Catti-brie wore nothing but her smile and that simple nightgown, almost sheer, and hanging only to mid-thigh.

She didn’t feel naked, though. Her grin was full of knowledge, and her knowledge was as protective as the finest suit of mithral armor.

“As pleasurable as you expect I found those mind-magic intrusions you have been injecting into my thoughts?” she asked.

That got Gromph’s attention, and he looked at her curiously for a moment, then painted on an incredulous, surely feigned expression.

“That is quite a game that you designed and delivered,” Catti-brie went on. “I suppose I should be impressed-”

“You should be thankful,” Gromph interrupted. He sat back easily, turning up his hips to more fully expose himself, letting her know that he understood the game to be up, and more importantly, that he didn’t care. “That I, the Archmage of Menzoberranzan, would take the time and effort to so pleasure you from afar.”

“But I find myself truly disappointed,” Catti-brie resolutely pressed on. “To think that one as accomplished as you, one whose reputation rivals the legends of Khelben, or even Elminster, would unlock such new and great mysteries of this other magic for use in such a petty manner.”

Gromph laughed at her and patted the bed again.

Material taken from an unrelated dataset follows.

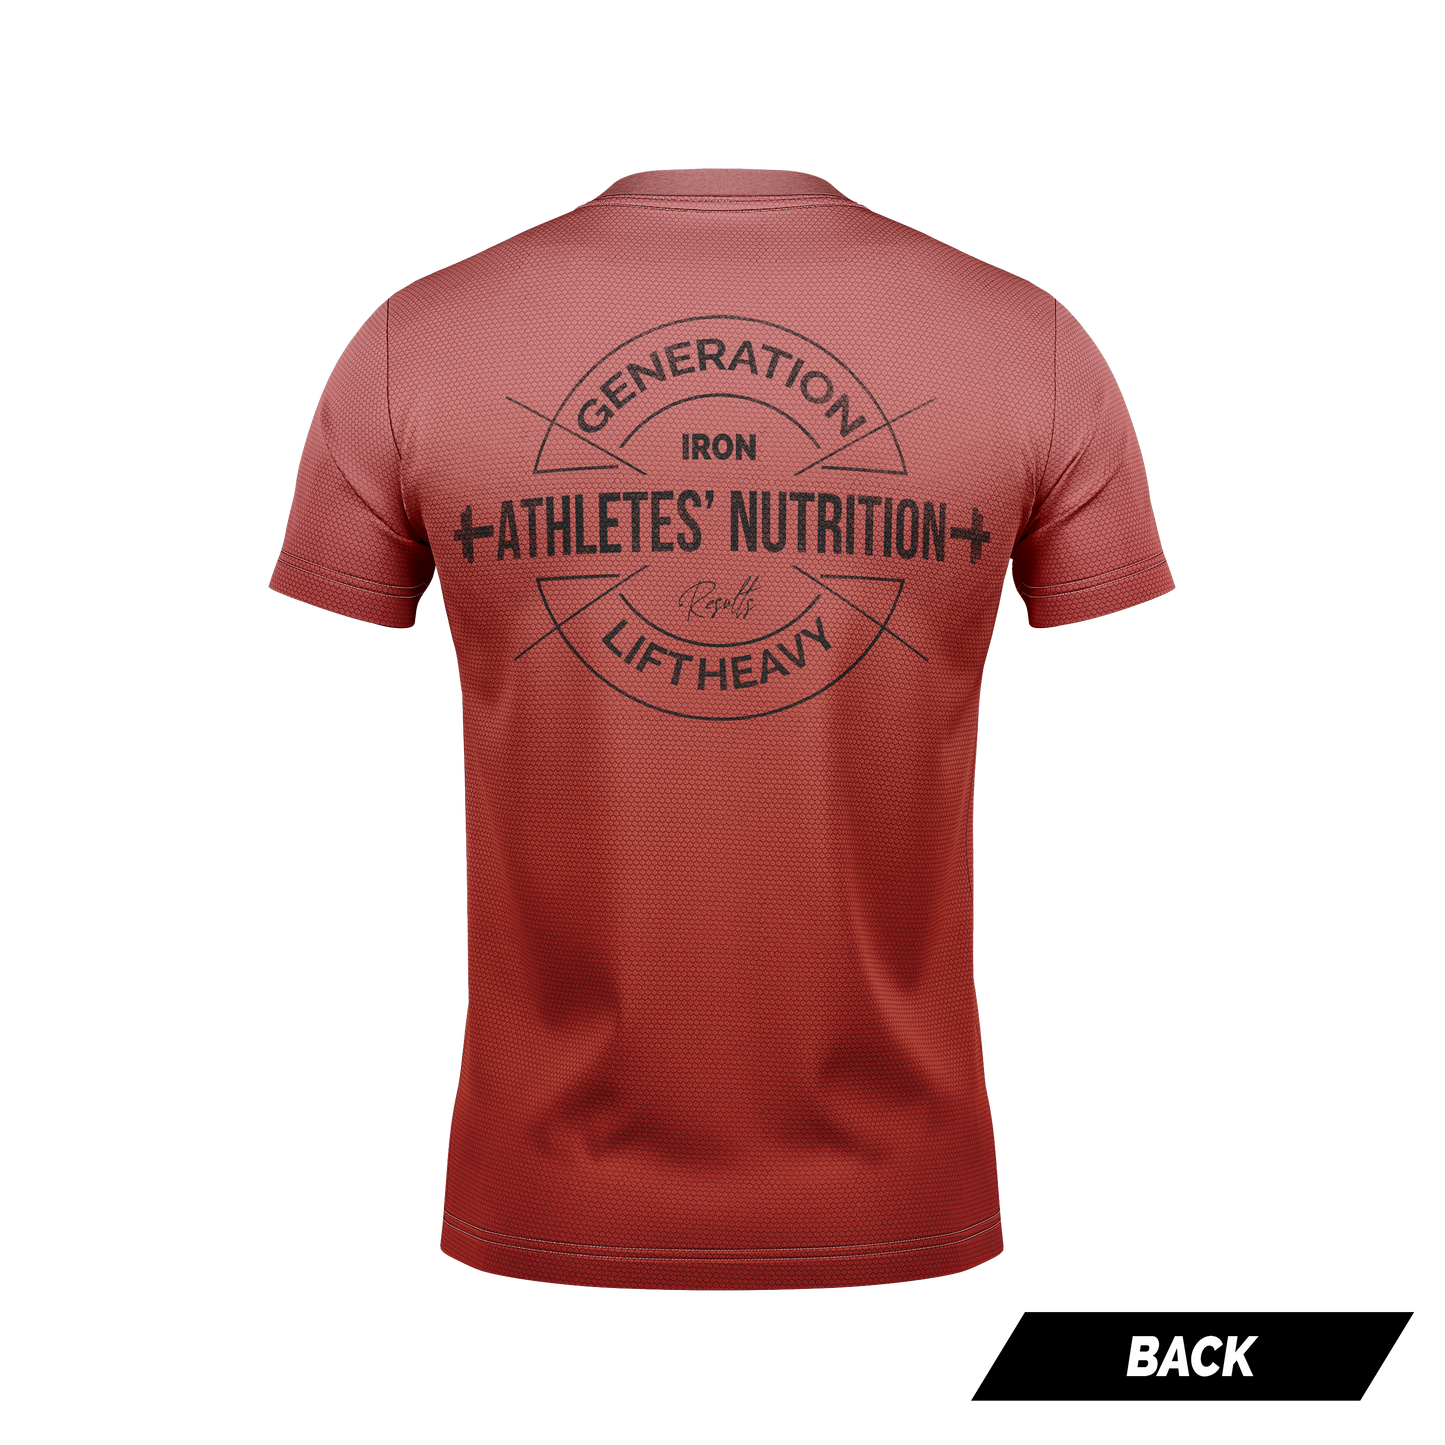 Athletes' Nutrition: Generation Iron T shirt

“Though I suppose that after so stupidly summoning Demogorgon to Menzoberranzan, you find it refreshingly small to attack a person in such a manner from afar,” Catti-brie finished, and Gromph’s demeanor turned ugly for a brief and telling instant. Catti-brie knew she had hurt him with that remark.

She wanted to hurt him a lot more than that.

“Attack?” he echoed, his expression reverting to confidence and ease. “I merely offered to you a vision. You let me in. Willingly. And in your accusation you referred to ‘those mind-magic intrusions,’ inferring more than one instance. Yet only once did I offer you a telepathic hint of the pleasures we two might enjoy together.”

His laughter cut into her heart. She didn’t want to believe him, and logically did not believe him, but the doubt …

“The rest-and were there many?-came wholly from your own imagination,” he said slyly. He beckoned to her with one hand and touched himself with the other. “Come,” he said, patting the bed insistently. “Do tell me of these fantasies. Let us see what pleasure they might inspire.”

And Gromph found that he was not alone on the bed-an unexpected guest was now sitting beside him, hot breath on his neck.

“Have you met Guenhwyvar?” Catti-brie asked.

Gromph snickered, but glanced warily at the huge black panther out of the corner of his eye. “Do you mean to kill me then?”